44. 18/11/2009 tarihinden önce zamanaşımı süresinin dolduğu gerekçesiyle reddedilen davalarda Anayasa Mahkemesi, Ayşe Çidem Tekindağ ve diğerleri kararında 18/11/2009 tarihinden 1 yıl 10 ay 15 gün sonra ve Mehmet Aykut Vural (B. No: 2017/16486, 29/1/2020) kararında ise 1 yıl 9 ay 6 gün sonra açılan davaların zamanaşımından reddedilmesinin başvurucuların mahkemeye erişim hakkını ihlal ettiğini vurgulamıştır. Buna karşılık Anayasa Mahkemesi Asım Uzun ve diğerleri (B. No:2018/26593, 12/2/2020) kararında 18/11/2009 tarihinden 4 yıl 1 ay 13 gün sonra, Bayram Hasan Özer ve Rüses Özer (B. No: 17513, 3/6/2020) kararında 3 yıl 2 ay 13 gün sonra ve Işıl Kantarcı (B. No: 2018/17640, 14/10/2020)kararında 4 yıl 5 ay 10 gün sonra açılan davaların zamanaşımından reddedilmesinin başvurucuların mahkemeye erişim hakkını ihlal etmediği sonucuna varmıştır (Ayşe Çidem Tekindağ ve diğerleri, § 45; Mehmet Aykut Vural, § 47; Asım Uzun ve diğerleri, § 42; Bayram Hasan Özer ve Rüses Özer, § 28; Işıl Kantarcı,§ 40).
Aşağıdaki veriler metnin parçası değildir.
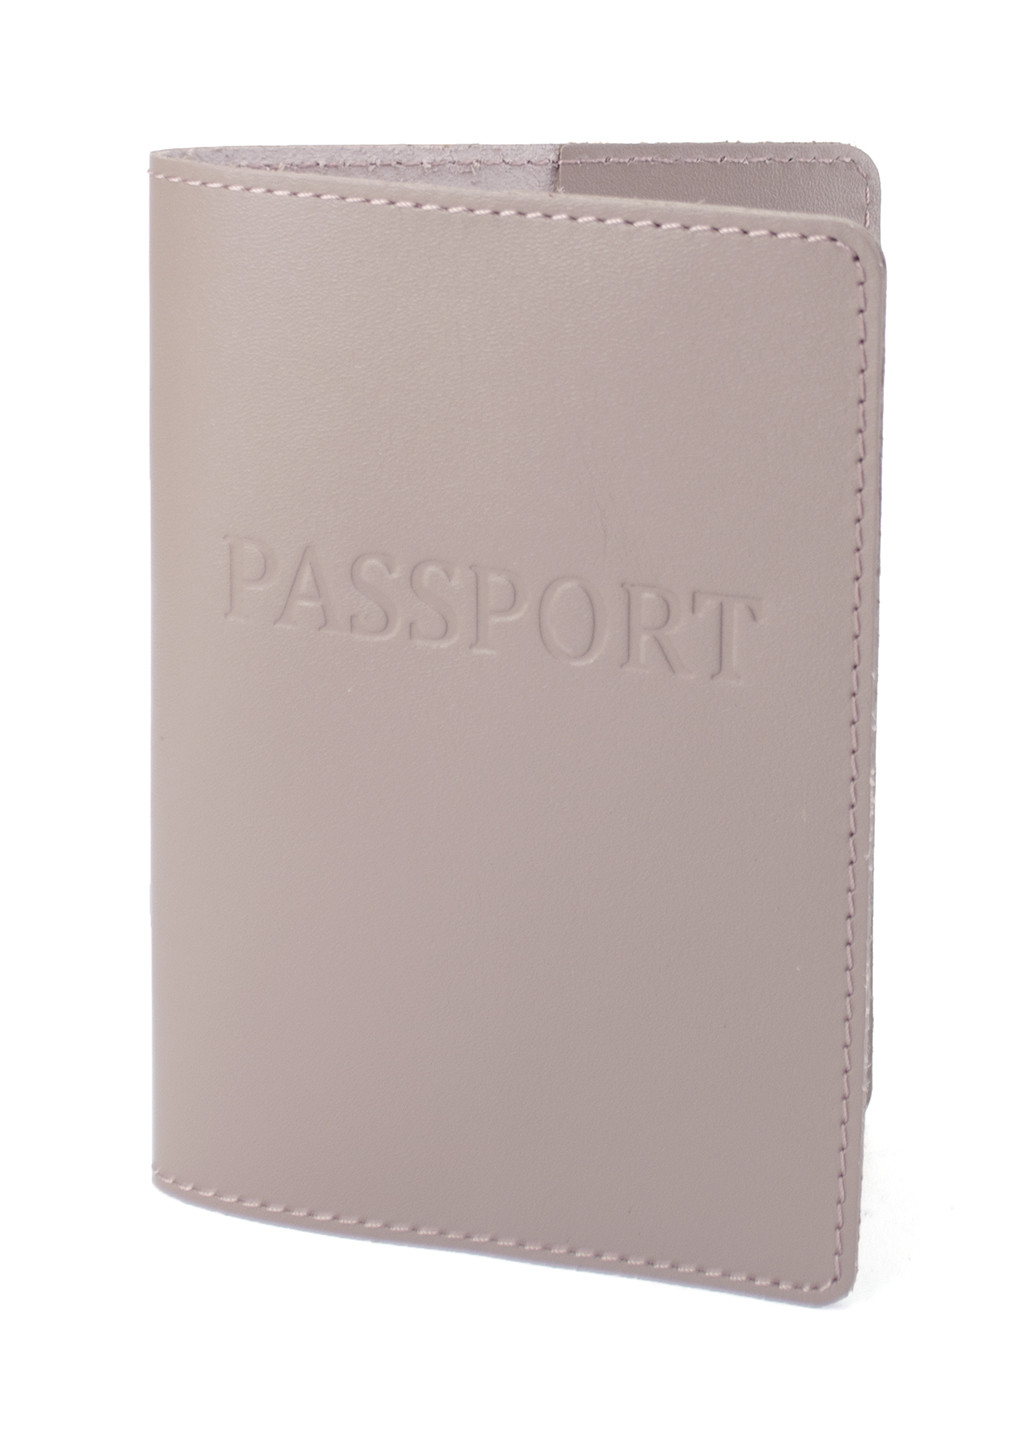 Подарочный набор женский №63 (нюдовый) обложка на документы + обложка на паспорт + ключница HandyCover (250603783)

45. Başvuruya konu olayda başvurucular ve diğer mirasçılar tarafından 31/12/2014 tarihinde 4721 sayılı Kanun’un 1007. maddesine dayalı olarak tazminat davası açılmıştır. Söz konusu dava, on yıllık zamanaşımı süresi içinde açılmadığı gerekçesiyle reddedilmiştir. Buna karşılık derece mahkemeleri, davanın 18/11/2009 tarihinde etkili ve elverişli hâle gelen hukuk yolunun bu tarihten sonra kullanılmasına imkân sağlayacak makul bir sürede açılıp açılmadığına ilişkin bir değerlendirmede bulunmamıştır.
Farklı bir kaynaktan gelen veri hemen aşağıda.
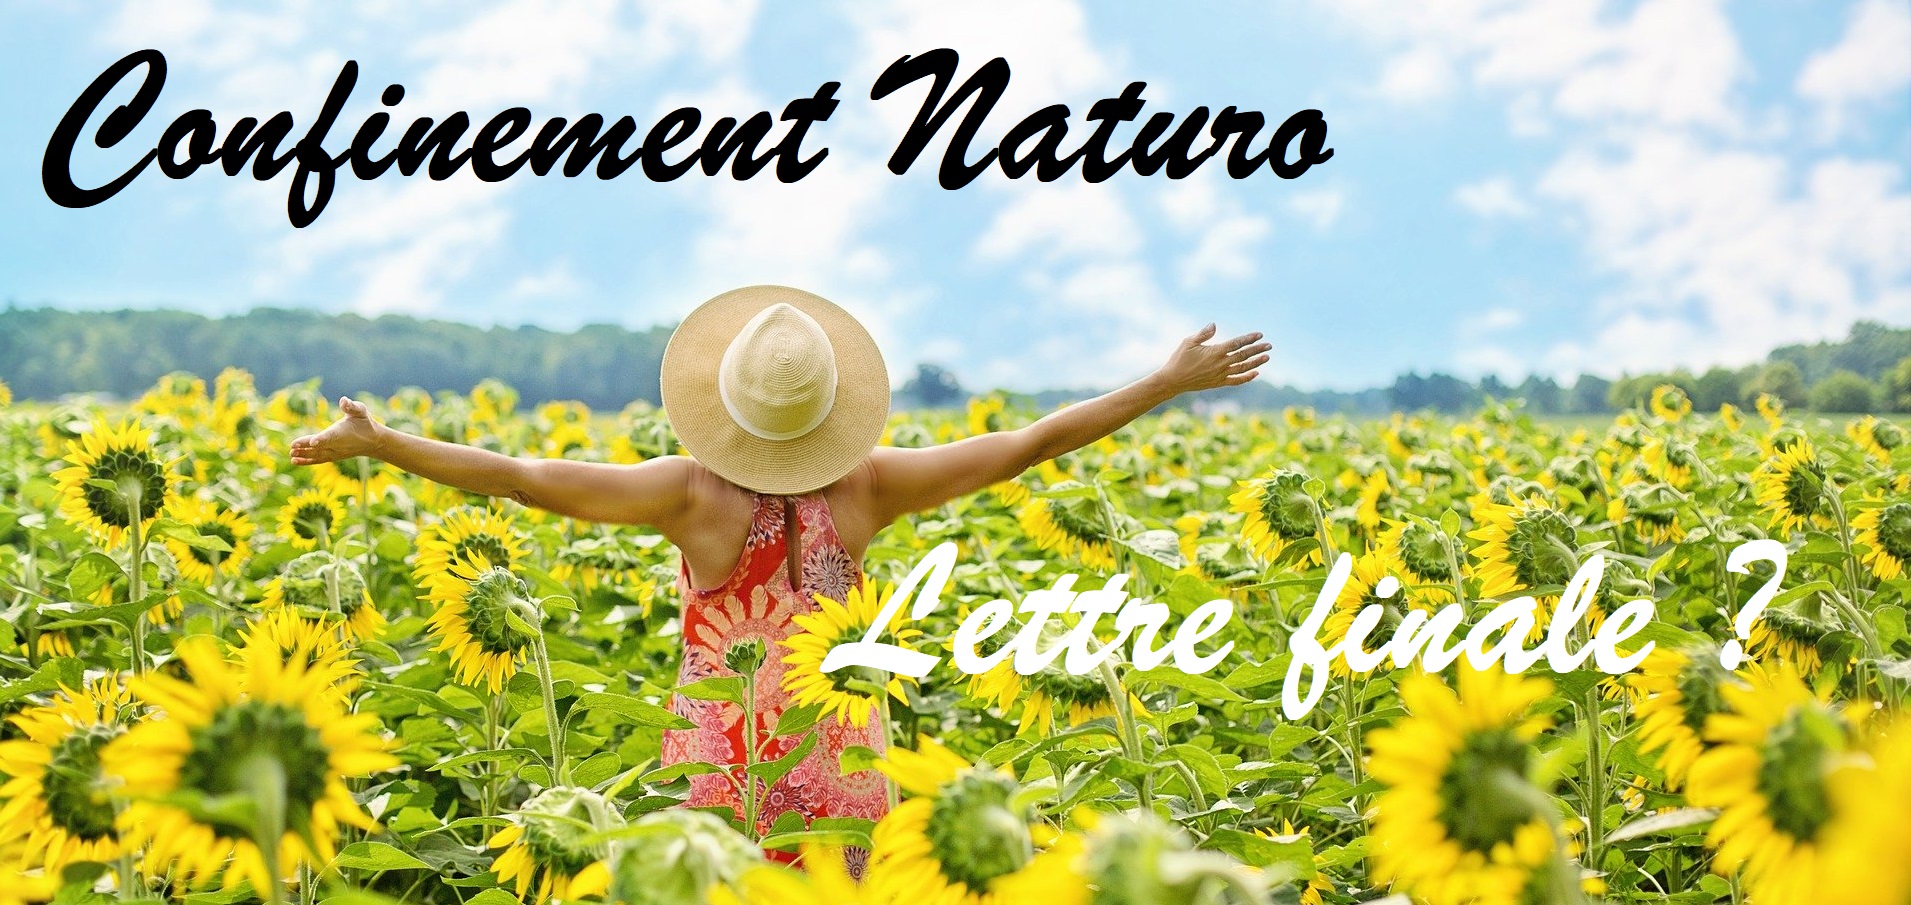 Confinement Naturo (Lettre finale ?) – Célébrons

46. Bu nedenle 18/11/2009 tarihinden önce zamanaşımı süresi dolmuş olan somut olaya konu davanın bu tarihten sonra makul bir süre içinde açılıp açılmadığının tespit edilmesi gerekmektedir. Somut olayda 18/11/2009 tarihinden 5 yıl 1 ay 13 gün sonra açılan davanın makul kabul edilebilecek bir sürede açılmadığı sonucuna varılmıştır. Dolayısıyla 18/11/2009 tarihinde etkili hâle gelen hukuk yolu için bu süreden sonra makul denilebilecek sürede dava açmayan başvurucuların davasının zamanaşımından reddedilmesi suretiyle başvuruculara yüklenen külfetin orantısız olduğundan bahsedilemez. Başvuruya konu şikâyet yönünden kamu yararı ile bireyin mahkemeye erişim hakkı arasında kurulması gereken adil dengenin başvurucular aleyhine bozulmadığı değerlendirilmiştir.
47. Açıklanan gerekçelerle başvurunun açıkça dayanaktan yoksun olması nedeniyle kabul edilemez olduğuna karar verilmesi gerekir.
VI. HÜKÜM
Açıklanan gerekçelerle;
A. Mahkemeye erişim hakkının ihlal edildiğine ilişkin iddianın açıkça dayanaktan yoksun olması nedeniyle KABUL EDİLEMEZ OLDUĞUNA,
B. Yargılama giderlerinin başvurucular üzerinde BIRAKILMASINA 7/1/2025 tarihinde OYBİRLİĞİYLE karar verildi.